The output from the timing sensor B11b is input to the pulse count B circuit 11i via the comparator 11e, and the output from the timing sensor C11c is input to the pulse count C circuit 11j via the comparator 11f. The presence time and non-existence time of the detected object acquired by each sensor are passed to the control unit 13.

Returning to the description of FIG. 2, the control unit 13 will be described. The control unit 13 performs a process of calculating the diameter of the coin 100 based on the signal received from the timing sensor unit 11 and denomination of the coin 100 based on the signal received from the coin identification sensor unit 12 and the calculated diameter. Or it is a process part which performs the process which discriminate | determines true / false.
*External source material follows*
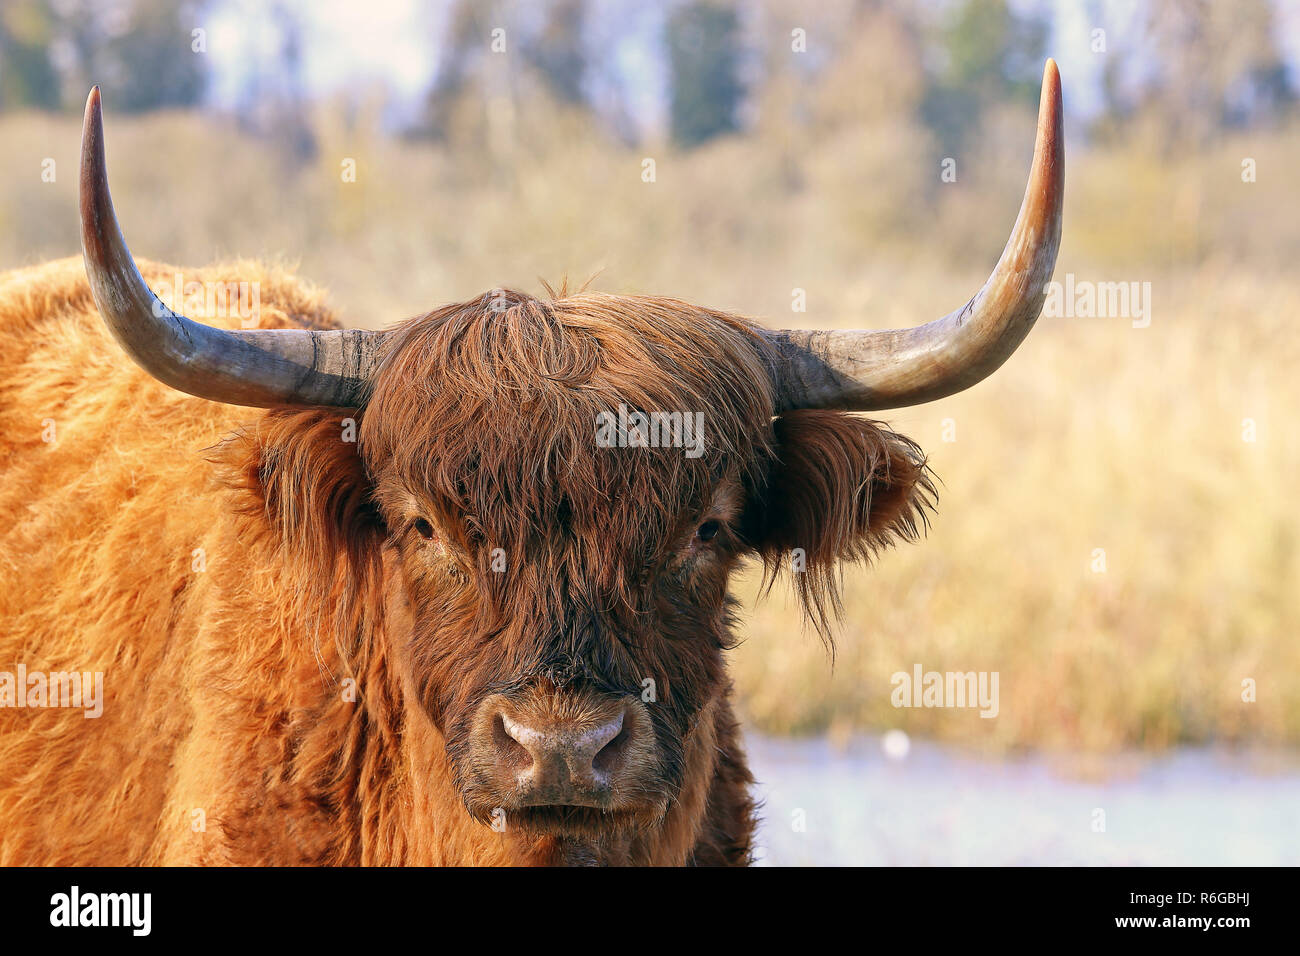 close-up scottish highland cattle in winter Stock Photo

The time difference calculation unit 13a receives signals from the sensors A and B (see FIG. 1) from the timing sensor unit 11, and calculates a time difference between the detection timing of the coin 100 by the sensor A and the detection timing of the coin 100 by the sensor B. A processing unit that performs processing. The time difference calculation unit 13a also performs a process of passing the calculated time difference to the conveyance speed calculation unit 13b. Details of the process for calculating the time difference from the sensor signal will be described later with reference to FIG.
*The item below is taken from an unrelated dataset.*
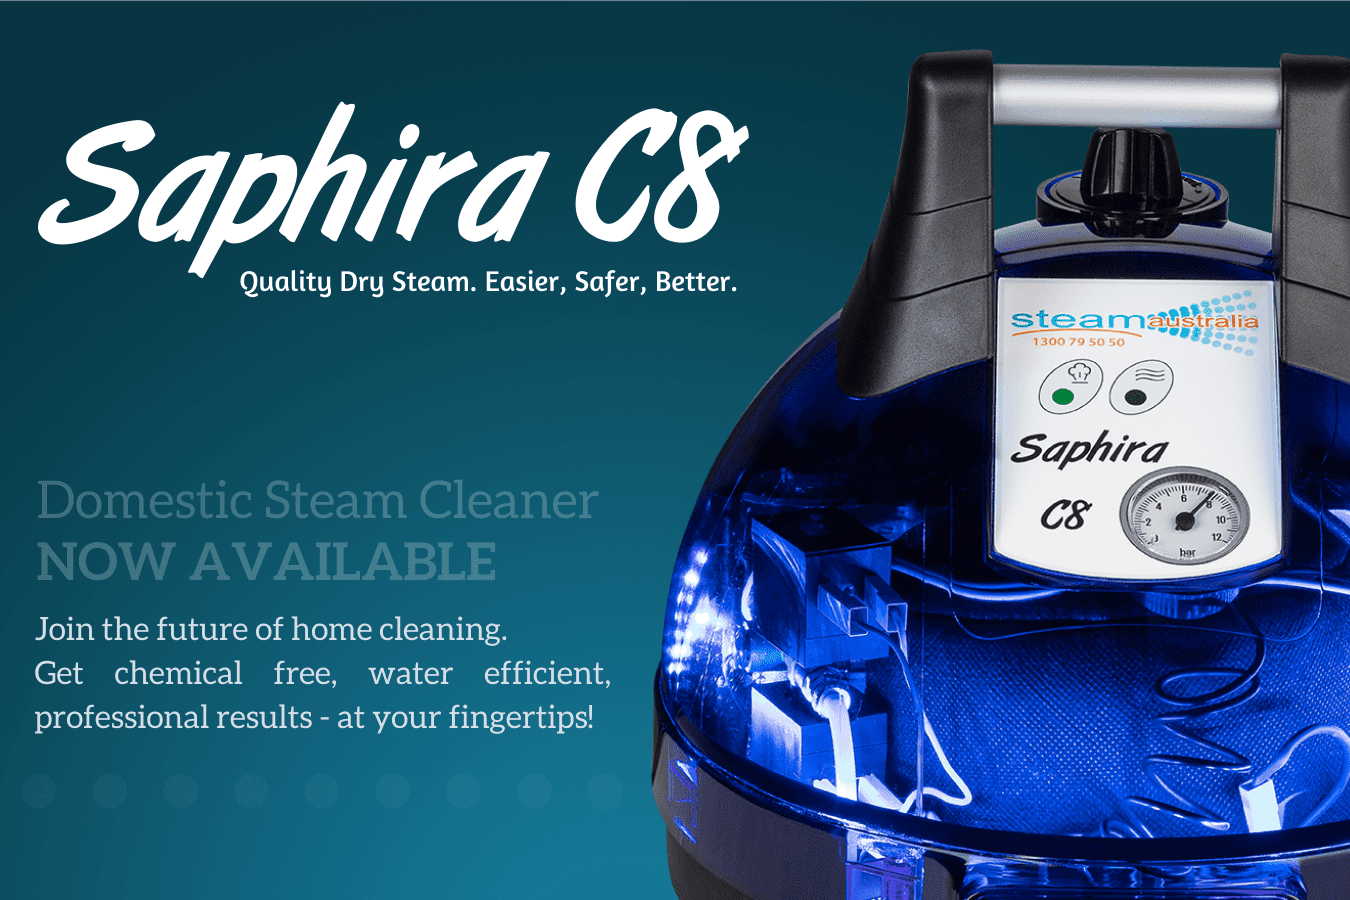 Saphira C8. The Best Domestic Steam Cleaner For Your Home

The conveyance speed calculation unit 13b is a processing unit that performs a process of calculating the conveyance speed v based on the time difference (difference in detection timing between the sensor A and the sensor B) notified from the time difference calculation unit 13a and the sensor arrangement information 14b. . Specifically, when the time difference notified from the time difference calculation unit 13a is t _diff and the distance between the sensor A and the sensor B shown in FIG. 1 is ε, the transport speed v is expressed by the equation “v = ε / t _diff Is expressed. The conveyance speed calculation unit 13b also performs a process of passing the calculated conveyance speed v to the switching unit 13c.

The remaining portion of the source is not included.